→ Provided records

━━━━

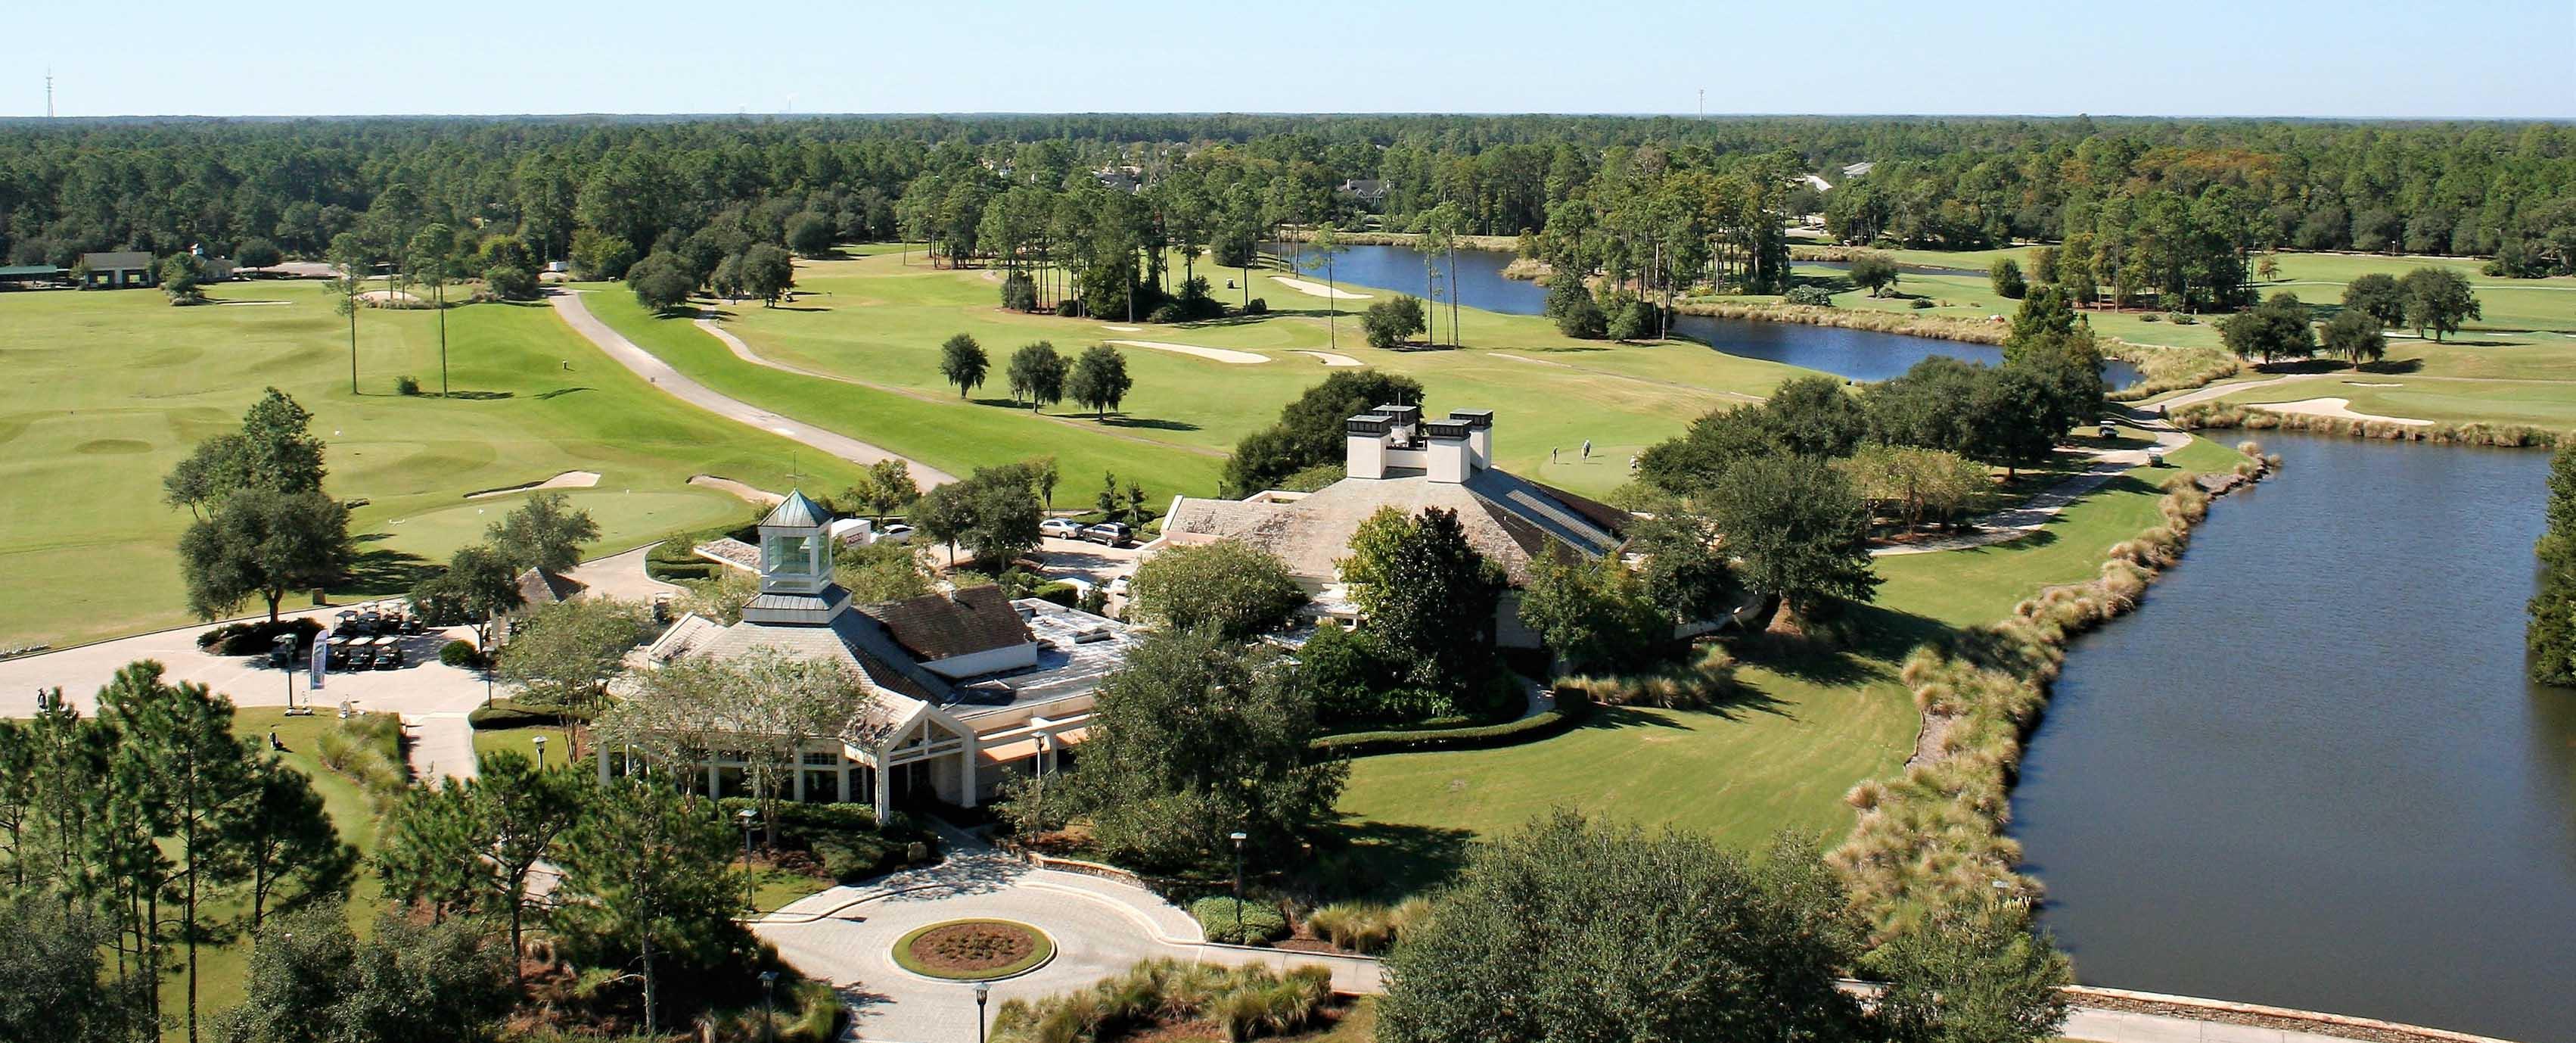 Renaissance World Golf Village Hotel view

━━━━

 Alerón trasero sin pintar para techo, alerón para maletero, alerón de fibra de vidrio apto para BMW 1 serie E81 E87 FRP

━━━━

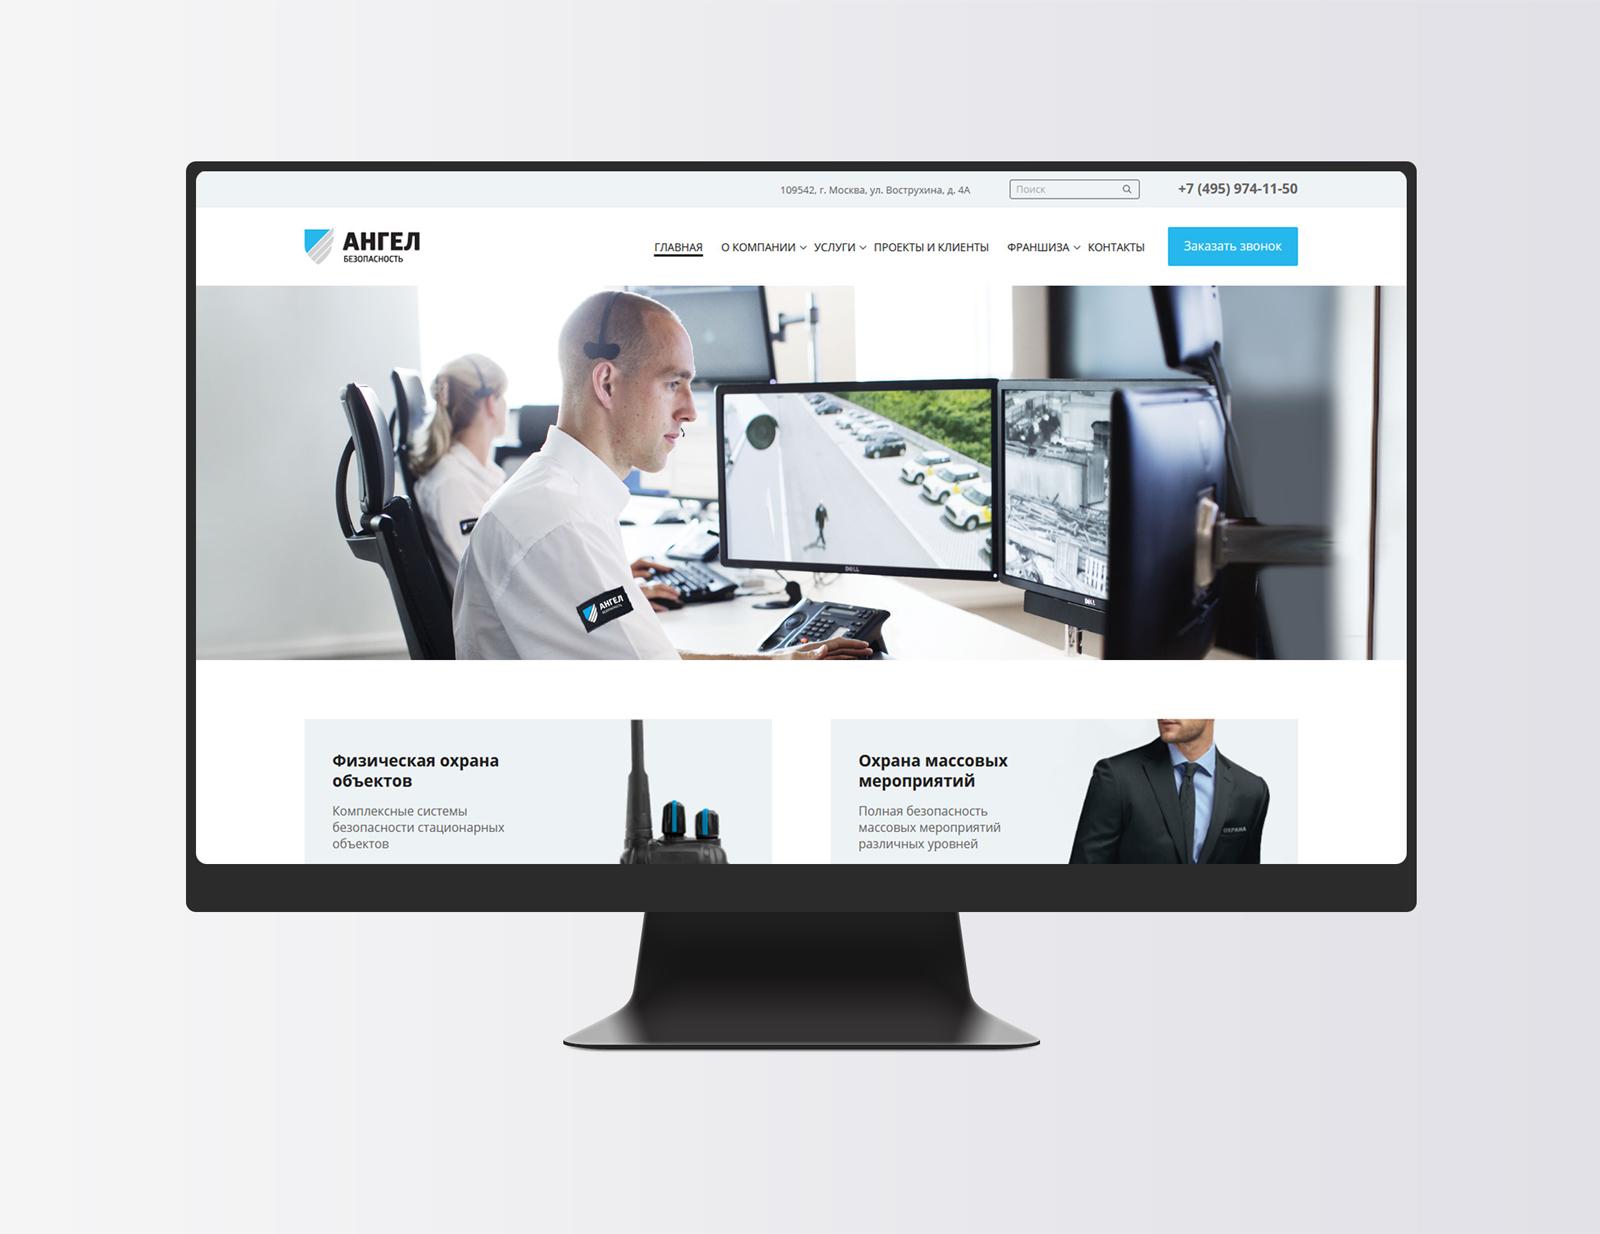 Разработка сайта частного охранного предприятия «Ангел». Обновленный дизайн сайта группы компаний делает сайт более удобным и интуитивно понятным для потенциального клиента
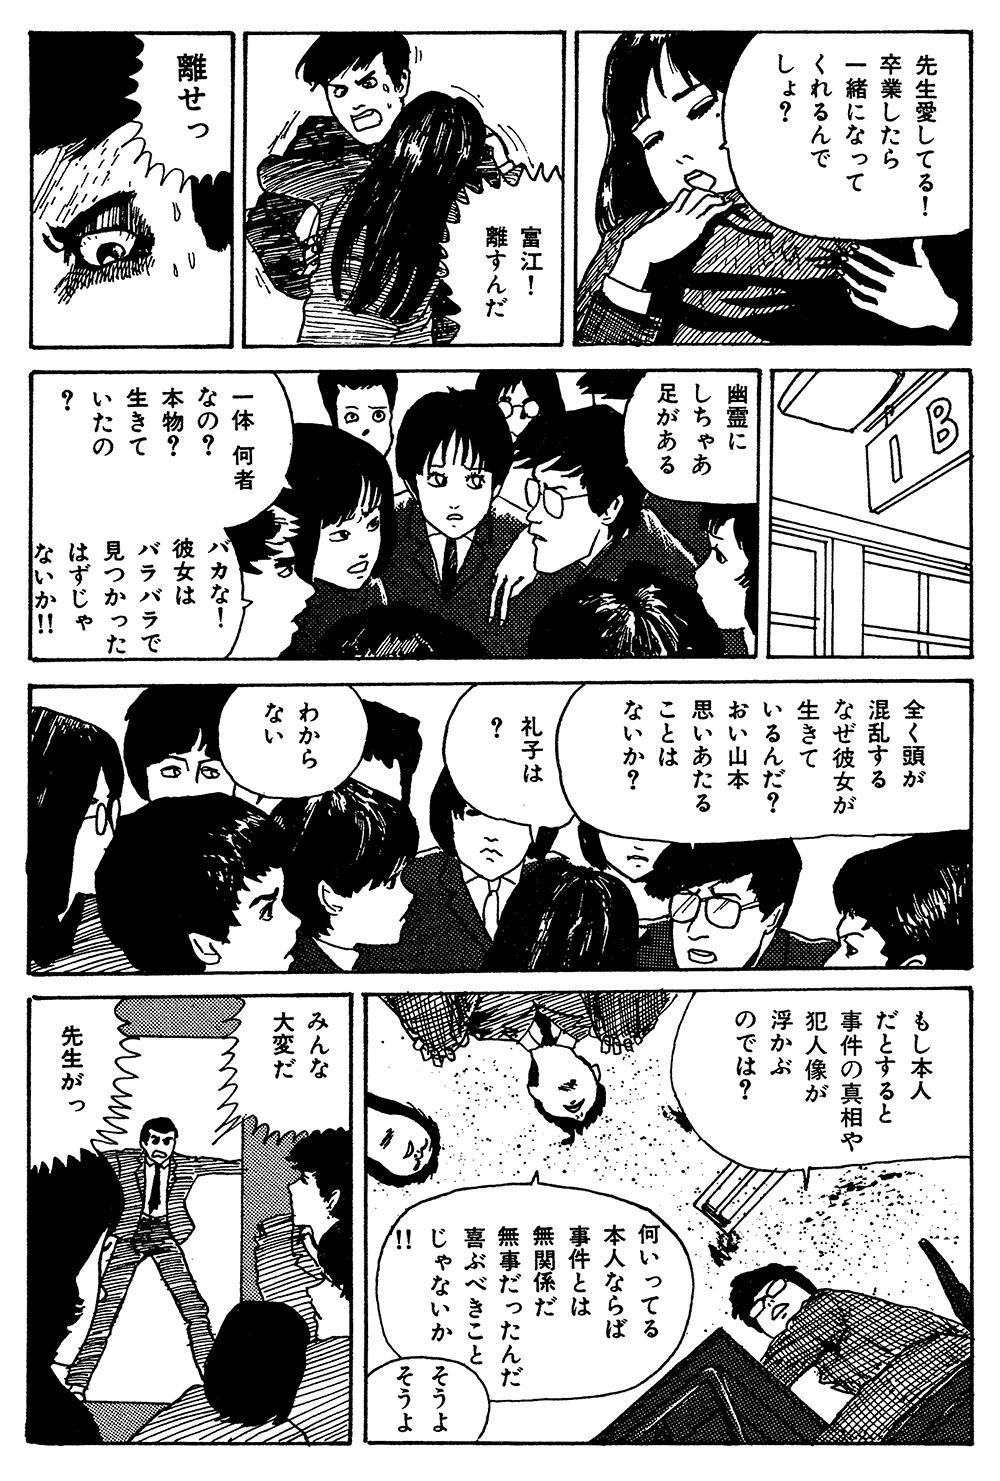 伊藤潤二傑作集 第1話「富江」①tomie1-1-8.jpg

━━━━

→ Work item
Range to copy from the listing above: the line containing "Разработка сайта частного" down to the line containing "伊藤潤二傑作集 第1話「富江」①tomie1-1-8.jpg", both included. Reproduce it exactly, minus the pictures, and add nothing.

→ Solution to the problem
 Разработка сайта частного охранного предприятия «Ангел». Обновленный дизайн сайта группы компаний делает сайт более удобным и интуитивно понятным для потенциального клиента
 伊藤潤二傑作集 第1話「富江」①tomie1-1-8.jpg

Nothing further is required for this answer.